The cold war became an open battle a few months ago, when Hajo Seppelt, the anti-doping investigator for the German broadcaster ARD, revealed that the World Anti-Doping Agency (WADA) had covered up the doping of 23 Chinese swimmers, many of them Olympians. Immediately, in a coordinated action, the United States Anti-Doping Agency (USADA), always presided over by Travis Tygart, the sheriff who put all his efforts into finishing off Lance Armstrong, hammered the iron, demanding responsibility. WADA organized commissions of inquiry, revealed all the procedures and stood by its initial decision: the positives for trimetazidine were due to contamination in the kitchens of a training center. Any other interpretation was a misrepresentation with bad intentions. USADA kept up the media war, accusing the president of WADA, the Polish Witold Bańka, of being a servant in the service of China who was discrediting its organization. The IOC finally intervened. On the eve of the opening of Paris, when it awarded the 2030 Winter Games to Salt Lake City, it added a clause: if the United States persisted in questioning WADA’s independence, the award could be revoked.
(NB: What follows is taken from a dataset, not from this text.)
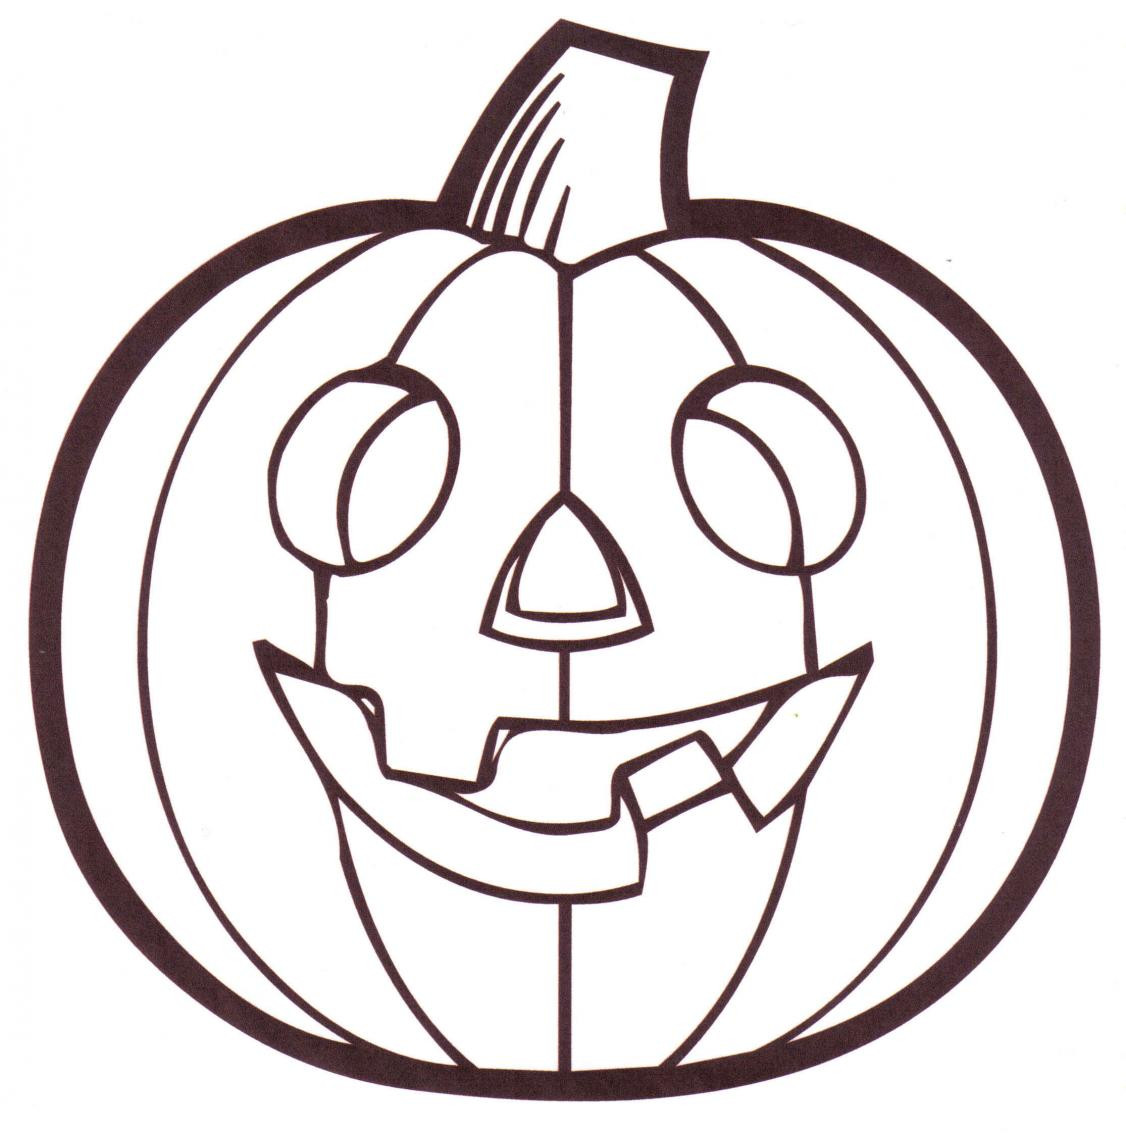 Coloring Pages Of Pumpkins
 Free Printable Pumpkin Coloring Pages For Kids

It also warned that the anti-doping law passed under Donald Trump, by which the United States arrogates the right to pursue and punish doping throughout the world, violates international law.
China remained silent. It worked in the shadows. Just after its star swimmer, Zhanle Pan, won the final of the star distance, the 100m freestyle, in which the two Americans finished last, Reuters, in an exclusive report, revealed that in recent years USADA had covered up several cases of doping by some of its top athletes, who had not even been sanctioned, in exchange for their working as informants who would allow them to go higher up the doping chain. This practice, typical of the fight against drug trafficking, is not contemplated in the World Anti-Doping Code. WADA informed USADA of this. Chinese television opened its news with the news.
The next Games, Los Angeles 28, the land of Hollywood and Disney fantasy, will have a hard time improving on these, unless the athletes, the kings of Paris 24, remain and persist, and continue to impose their talent and brilliance.